Having laid down the above framework of his book, Judge Serghides goes on to analyse the Court’s case-law in respect to the principle of effectiveness. He identifies three categories of manners in which the Court applies the principle: ‘Direct and nominal’, ‘indirect and non-nominal’ as well as ‘implied application of the principle’.
The author goes on to recognise the principle as the source of two Convention doctrines, namely the doctrine of the State’s positive obligations to secure human rights on the one hand, and the doctrine that the Convention is a living instrument and that it should be interpreted in the light of present-day conditions on the other hand.
The second part of the books turns to the operational framework of the principle by demonstrating its polyvalent nature and action from two perspectives, having regard to its dual nature, harmonising and defensive, and its action at all stages of the procedure including the implementation of Court’s judgments.
Assessment
In taking upon himself the Herculean task of grasping and categorizing the principle of effectiveness, Judge Serghides has laid fundamental doctrinal groundwork. With the ECHR and the European standards, it represents in flux as society changes, the principle serves as an important benchmark in effectively protecting individual rights. As the author impressively demonstrates, the principle is of central importance in the entirety of the Court’s work, from preliminary proceedings to implementation.

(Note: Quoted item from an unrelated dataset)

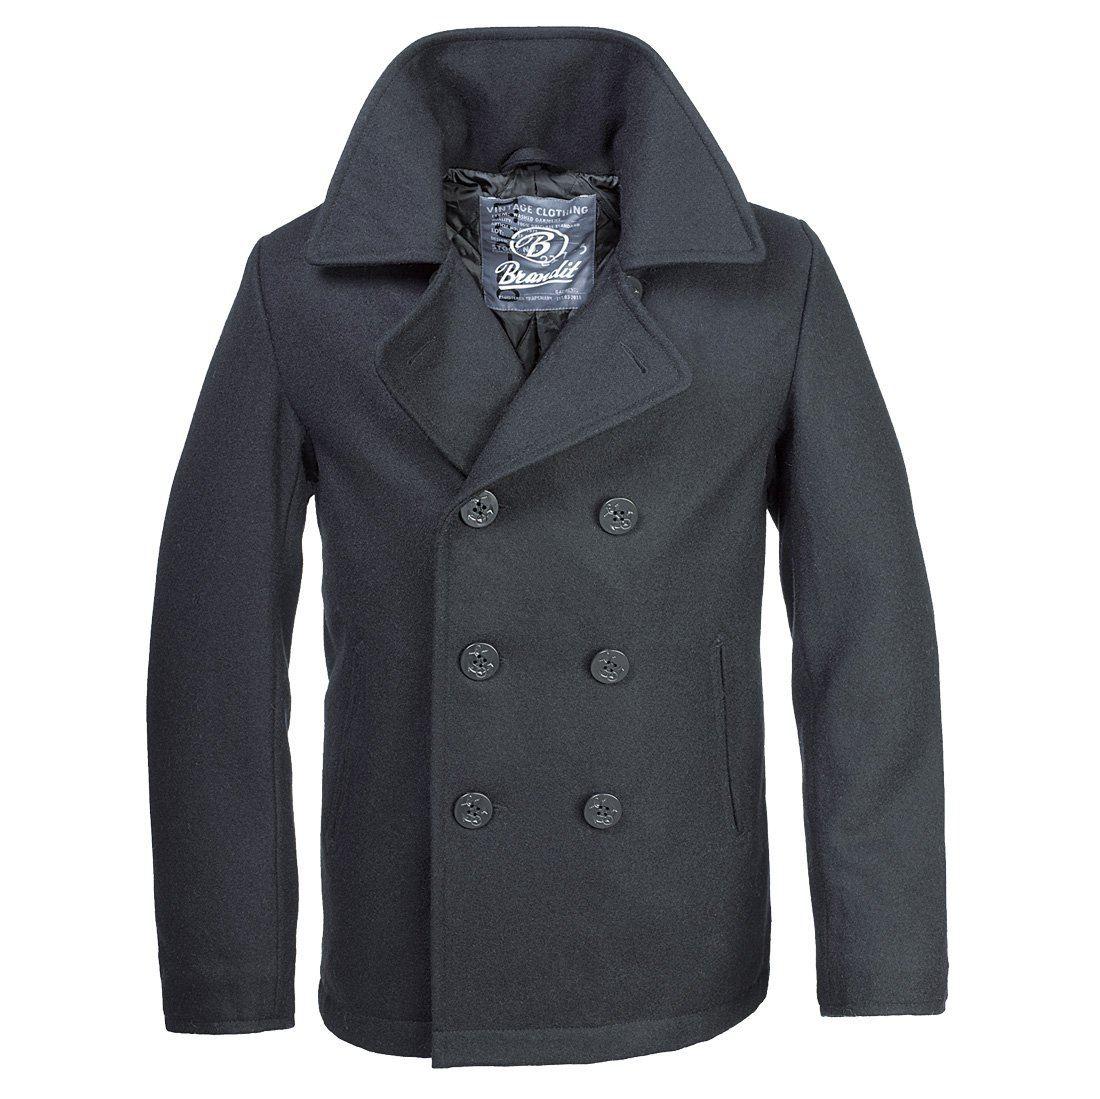 Mens Vintage Jackets at Vintage Clothing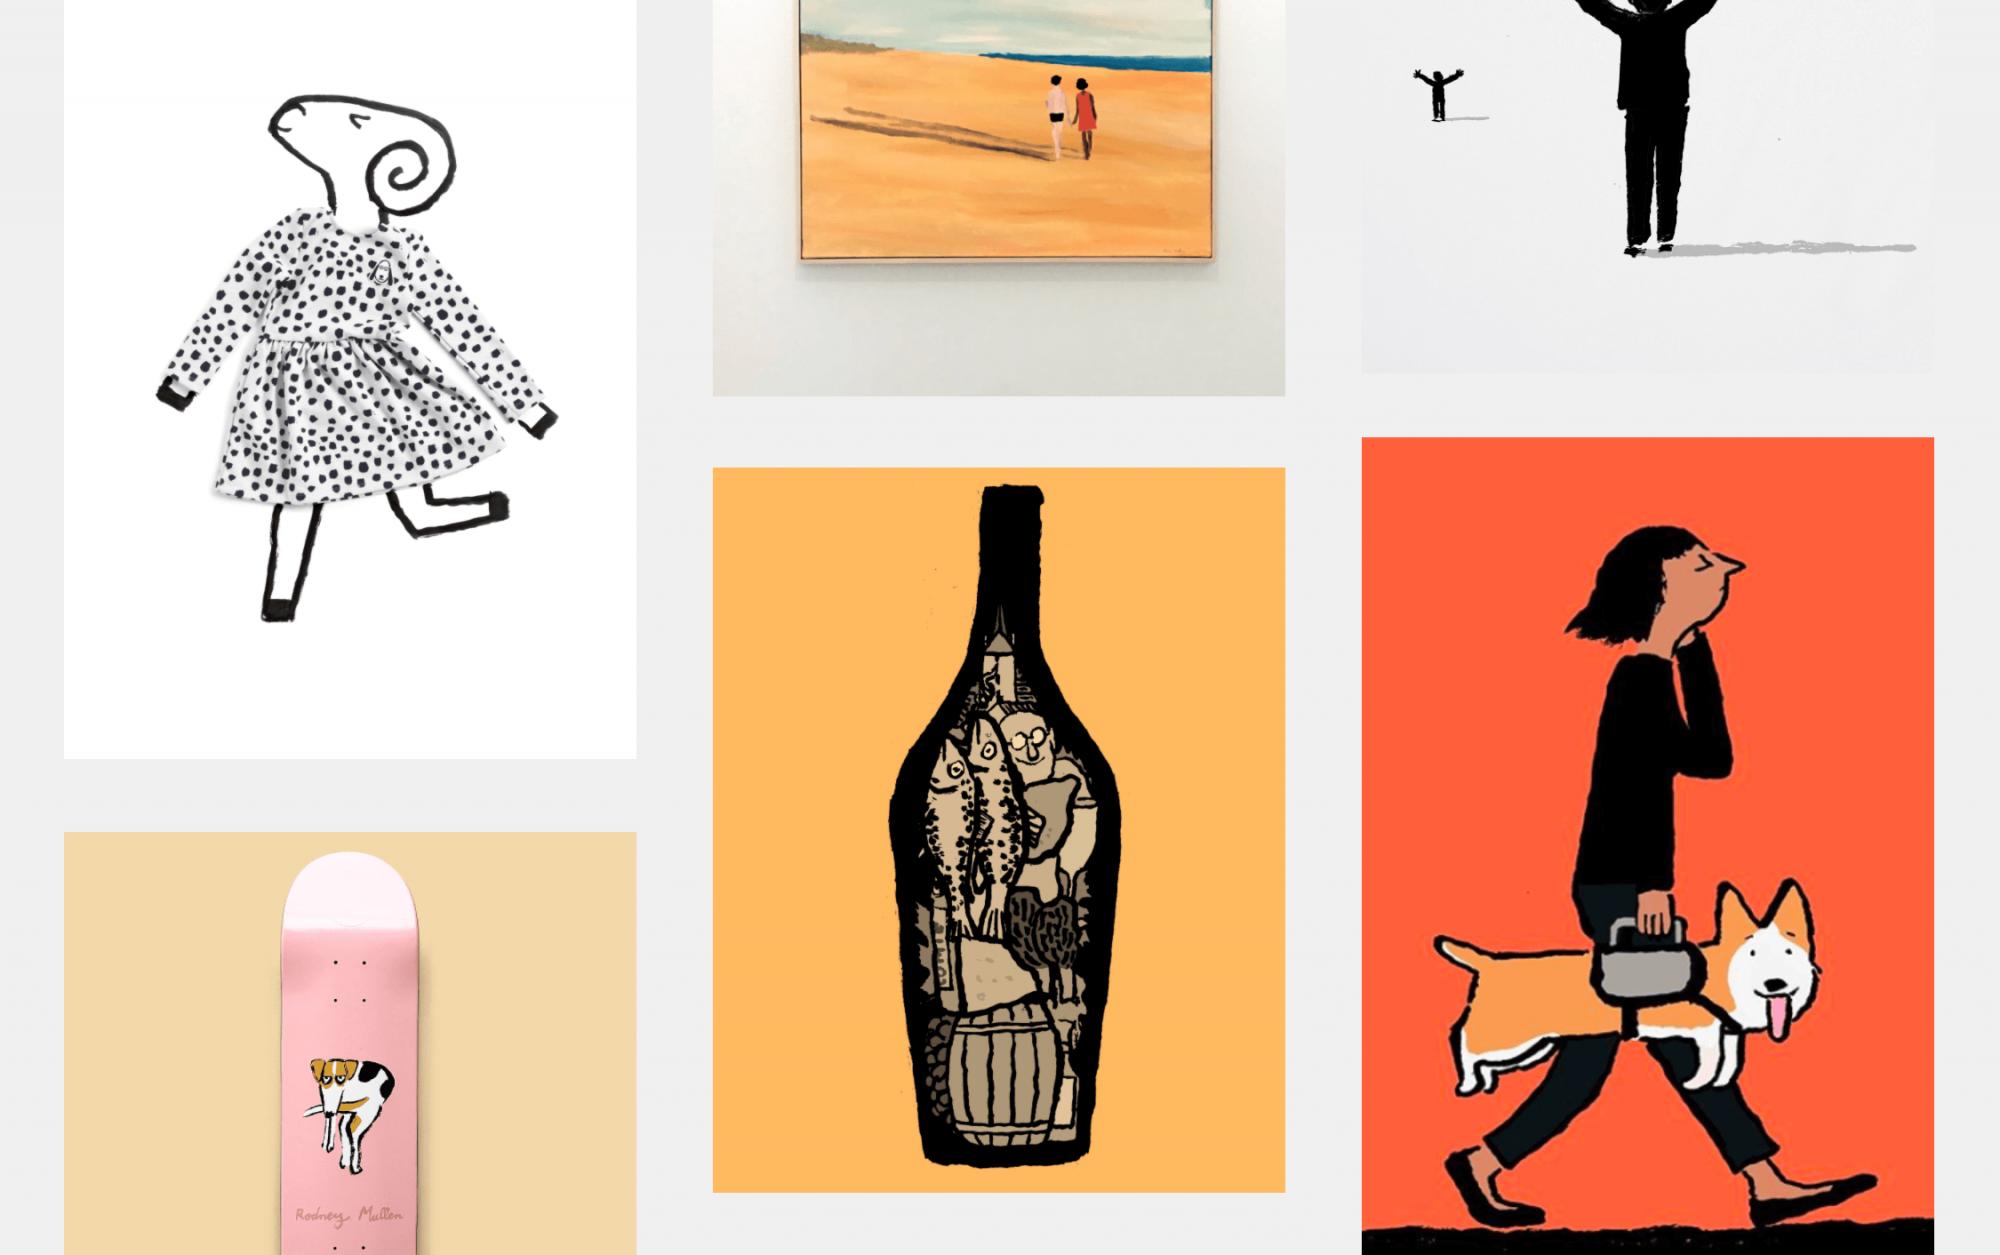 A selection of work by illustrator Jean Jullien

Judge Serghides pays detailed attention to the Court’s respective case-law, scrutinizing it carefully and systematically. One of his main points of critique is that the Court in its judgments does not describe the principle as a norm of international law inherent in all Convention provisions, but merely treats it as a method of interpretation, and this most of the times not so clearly and explicitly. It remains to be seen whether further scholars, or the Court itself, will follow Judge Serghides’ systematization.
Throughout the book, Judge Serghides seeks to categorise and systemise dozens if not hundreds of Court judgments as well as scholarly opinions and theories. The book is written in a distinct linguistic style using many colourful analogies and references to Greek Mythology, making it pleasant to read. The book’s target audience are perhaps judges and registry lawyers of the Court as Judge Serghides repeatedly makes his case for the principle to always be dealt with expressly in the Court’s judgments. Nevertheless, the book may be also interesting for a broader audience of legal scholars and practising lawyers dealing with the Convention system and international human rights law in the wider sense. All things considered, the book can be recommended to anyone seeking to study the principle in depth or even just understand individual aspects of it. Curious students will find plenty of material in an area that deserves further research and attention.
Dr Daniel Rietiker is a Senior Lawyer at the European Court of Human Rights, a part-time Lecturer in Public International Law at the University of Lausanne (Switzerland) and an Adjunct Professor at Suffolk University Law School (Boston, Massachusetts).
Sofie Steller was a trainee at the European Court of Human Rights, where she assisted the Judge in respect of Switzerland as well as the Swiss registry lawyers in their work.